Так что нисколько не отрицая ни одного из других смыслов произведения искусства, от первоначального замысла творца до формальных элементов самого произведения, тем не менее, остается факт: когда я смотрю на произведение искусства, оно имеет смысл для меня. Каждый раз когда зритель видит произведение и пытается понять его, возникает то, что Гадамер столь точно называет «слиянием горизонтов» — или, как я бы сформулировал это, возникает новый холон, который сам служит новым контекстом и, следовательно, несет новый смысл.

Очевидно, что смысл произведения искусства не пребывает исключительно в моей конкретной реакции на него. У остальных людей могут быть другие реакции. Но главное здесь в том, что смысл произведения искусства нельзя отделить от суммарного воздействия, которое оно оказывает на зрителей. А в более строгой формулировке, «зритель» попросту означает весь культурный фон, без которого смысл вообще не существовал бы и не мог бы существовать. Эта великая межличностная основа, этот культурный фон, предоставляет океан контекстов, в который, с необходимостью, погружены и искусство, и художник, и зритель.

Даже когда художник только начинает работать над своим произведением, он держит кого-то в уме; какой-то зритель уже вырисовывается в его сознании, пусть даже отрывочно и мимолетно; интерсубъективный фон уже служит контекстом, в котором возникают его субъективные намерения. Таким образом, реакция зрителя уже участвует в формировании искусства. Культурный фон интерпретаций уже является частью самого склада произведения искусства. И когда произведение выносится на суд общества, оно попадает в поток дальнейших исторических интерпретаций, каждая из которых формирует еще один слой в этой временной и исторической жемчужине. И каждый из возникающих новых исторических контекстов будет наделять эту жемчужину новым смыслом, новым слоем, который, по сути, будет неотъемлемой частью самой жемчужины, целого, которое становится частью других целых и при этом меняется само.

Возьмем достаточно грубый пример — те споры, что сегодня окружают экспедицию Колумба в 1492. Если мы на минуту подумаем о его экспедиции как о произведении искусства, тогда в смысл этого искусства? Всего несколько десятилетий назад смысл состоял примерно в следующем: Колумб был отважным человеком, несмотря на некоторые неблагоприятные обстоятельства предпринявшим рискованную экспедицию, которая открыла Америку — Новый Свет — и, тем самым, принесла культуру и цивилизацию довольно примитивным и отсталым народам.

Сегодня многие склонны придавать этому другой смысл — Колумб был сексистом, империалистом, лживым и трусливым подонком, который отправился в Америку с целью грабежа и мародерства, и в ходе своей экспедиции приносил сифилис и другие напасти встречавшимся ему повсюду миролюбивым народам.

Смысл исходного произведения искусства не только выглядит другим, он действительно другой и основан на последующей истории восприятия и реакции.

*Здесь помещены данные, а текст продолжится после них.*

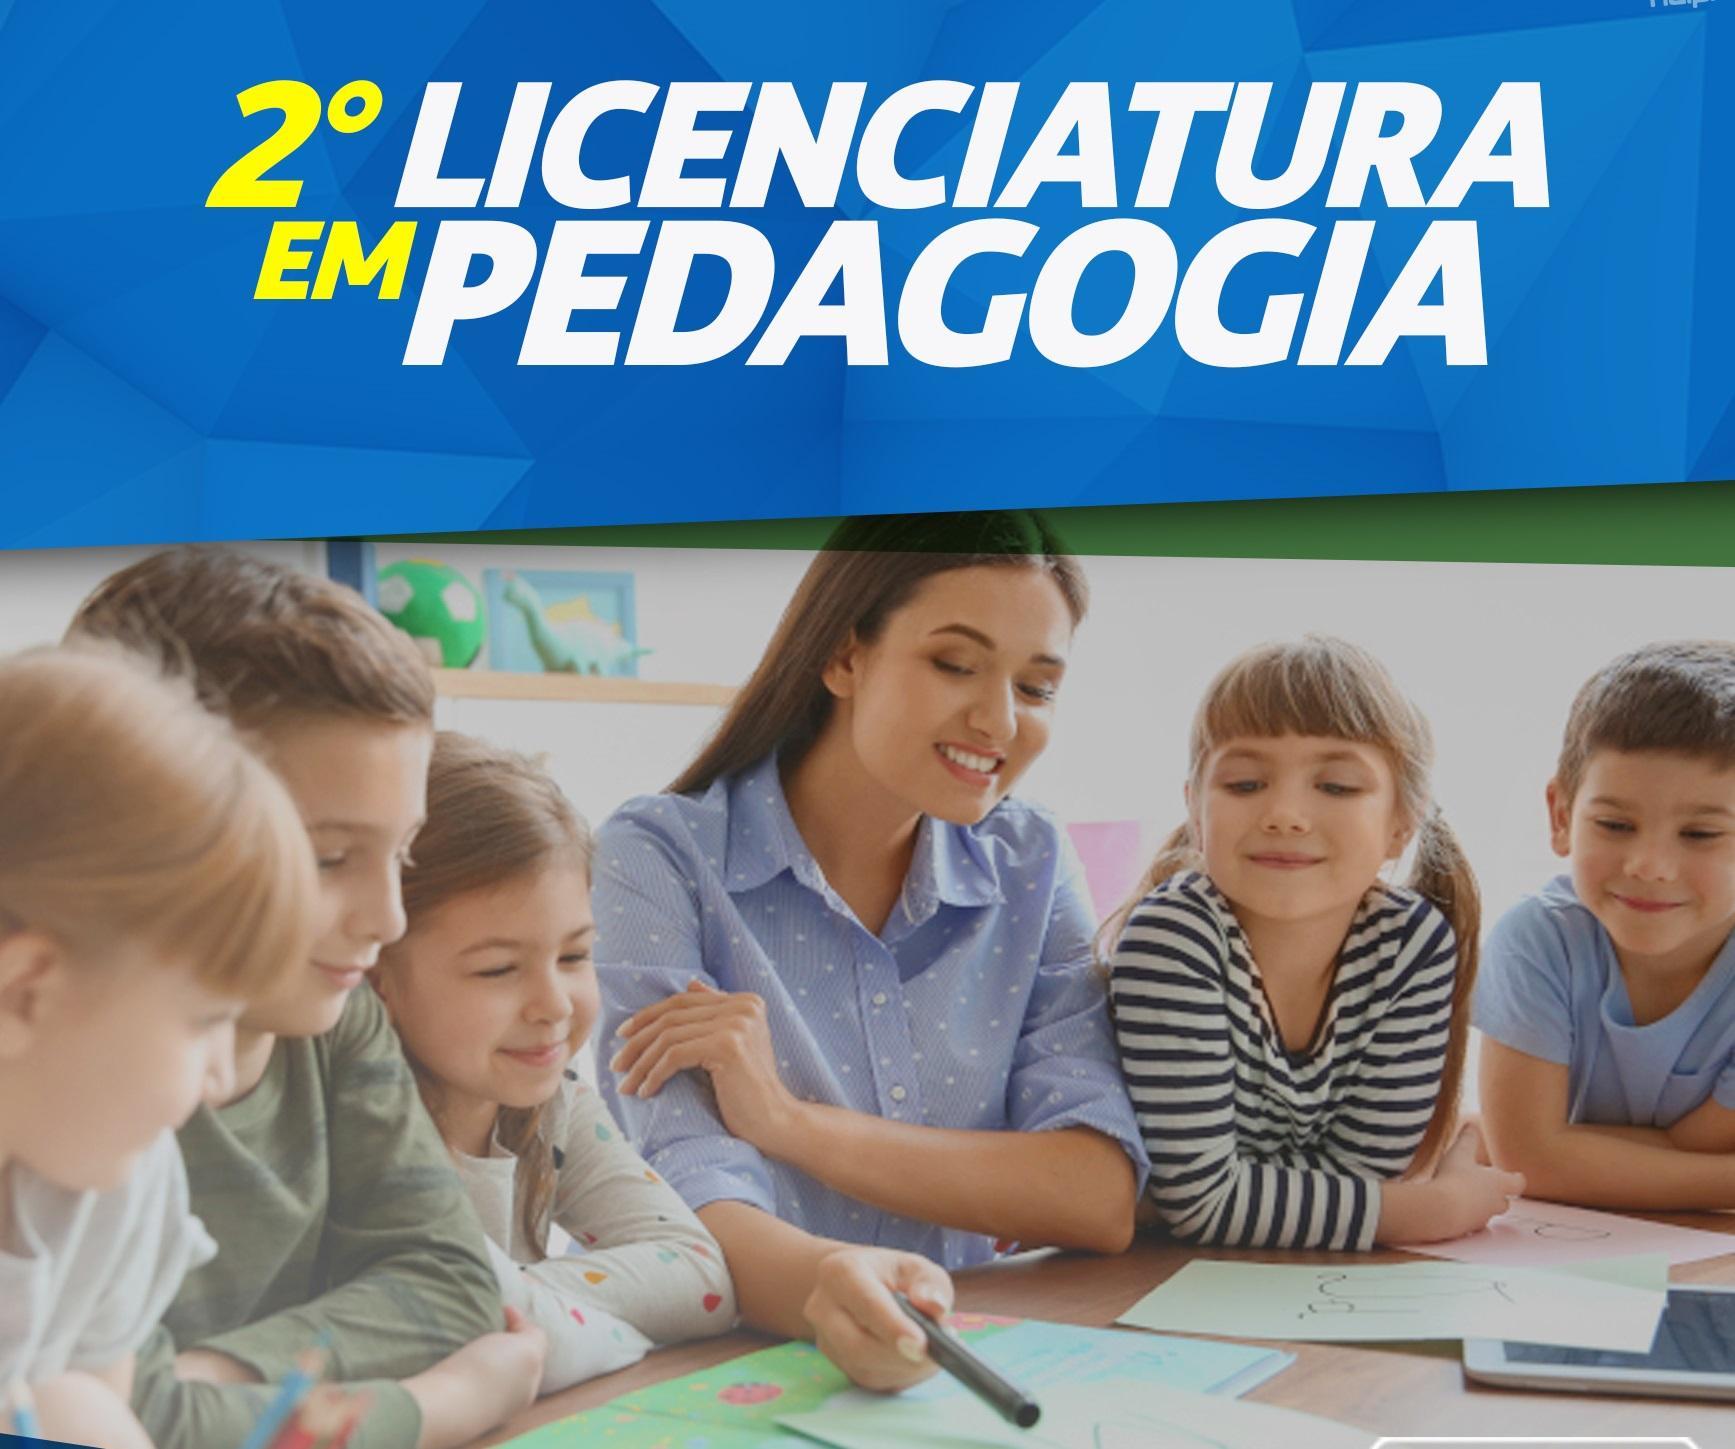 Courses/2019/08/complementacao-pedagogica.jpg
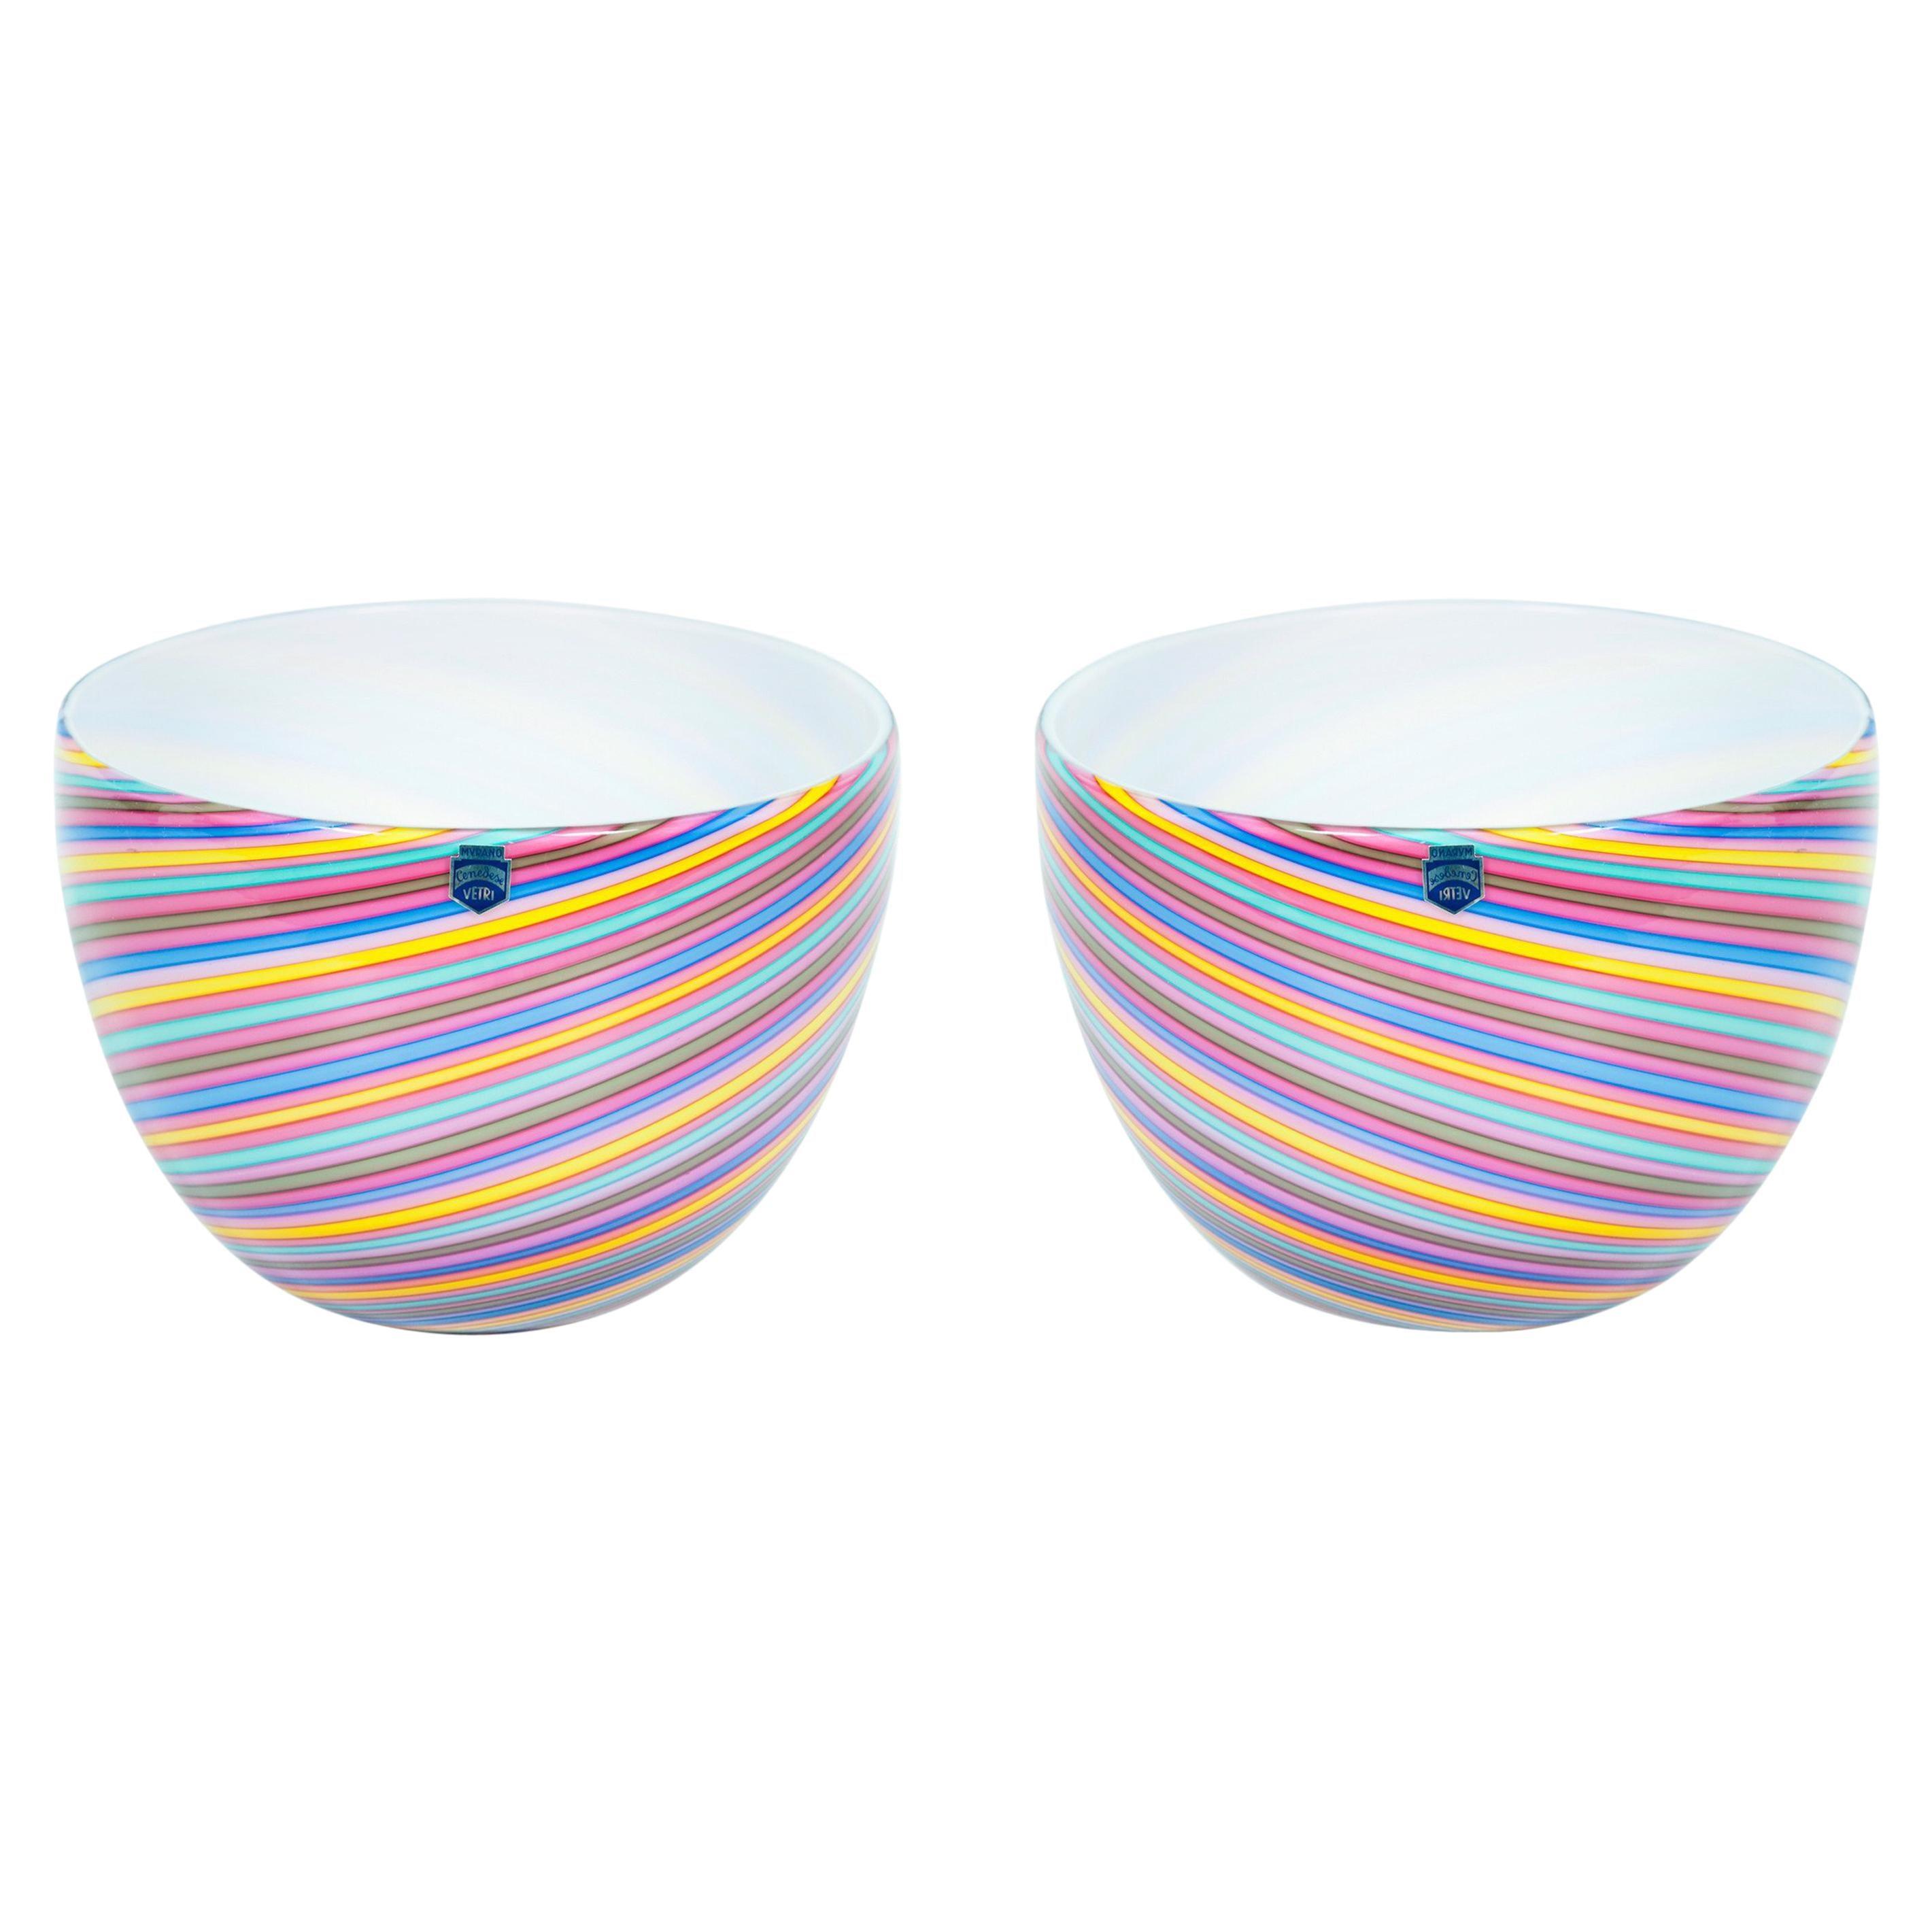 Pair of Italian Venetian Blown Murano Glass Bowls Pink Rainbow, Cenedese, 1970s

Никак невозможно избежать этой историчности, этой определяющей природы интерпретаций. Последующие контексты будут придавать искусству новый смысл, поскольку смысл всегда и неизбежно связан со смыслом. И теории зрительской реакции в своих разнообразных формах фокусируются на этой истории реакции как образующей искусства.

Таким образом, теории восприятия и реакции утверждают — как объясняет один критик, — что художественный смысл зависит «не от своего генетического происхождения в душе автора [изначального холона] и не от чисто внутренних отношений между напечатанными на странице знаками [формалистские теории], но от своего восприятия в последовательности прочтений, заставляющих историю его влияния, которая подчеркивает преходящий и исторический характер понимания и интерпретации».4

Частичные истины теорий зрительской реакции, безусловно, составляют неотъемлемую часть любой холонической теории искусства и его интерпретации. Но тем не менее, как и в случае любого из рассмотренных нами подходов, когда истинные, но частичные понятия этих теорий претендуют на роль полной и единственной истины, они становятся не только извращающими факты, но и просто смехотворными.

И именно теории зрительской реакции вкупе с симптоматическими теориями почти полностью господствовали на постмодернистской художественной сцене — и в теории и на практике — тем самым приводя, как мы указывали выше, к все большим нарциссическим и нигилистическим шатаниям.

Начнем с теорий «зрительской реакции».

Чудо Я-Бытия

Художественные критики всегда находились в слегка щекотливой ситуации — грубее ее называли «паразитической». Типичным был взгляд Флобера: «Критика занимает самое низкое место в литературной иерархии: почти всегда в том, что касается формы; и неоспоримо — в отношении «моральной ценности». Она идет вслед за буриме и акростихами, которые, по крайней мере, требуют определенной изобретательности».5

Прибавьте к этому паразитизму еще один неудобный факт: многие социологи отмечали, что для появления ребенка, рожденного в период демографического взрыва, характерен неистовый нарциссизм, а если что-то и типично для нарциссизма, так это стремление никому ни в чем не уступать.

Из чего следует, что теория искусства и теория литературы в руках этого поколения становилась полным сумасбродством. Когда паразитизм сталкивается с претенциозностью, что-то должно уступить. Критике отчаянно требовалось перебраться с заднего сидения в кресло водителя.

Средства для этого победоносного продвижения были обеспечены теориями зрительской реакции вкупе с симптоматическими теориями, совместно выступающими под общим лозунгом постструктурного постмодернизма. Если природа и смысл искусства пребывают исключительно в зрителе — «интерпретатор, а не художник создает произведение» — и если достоверна лишь сведущая интерпретация, тогда — «вуаля!»: все искусство создается лишь одной критикой.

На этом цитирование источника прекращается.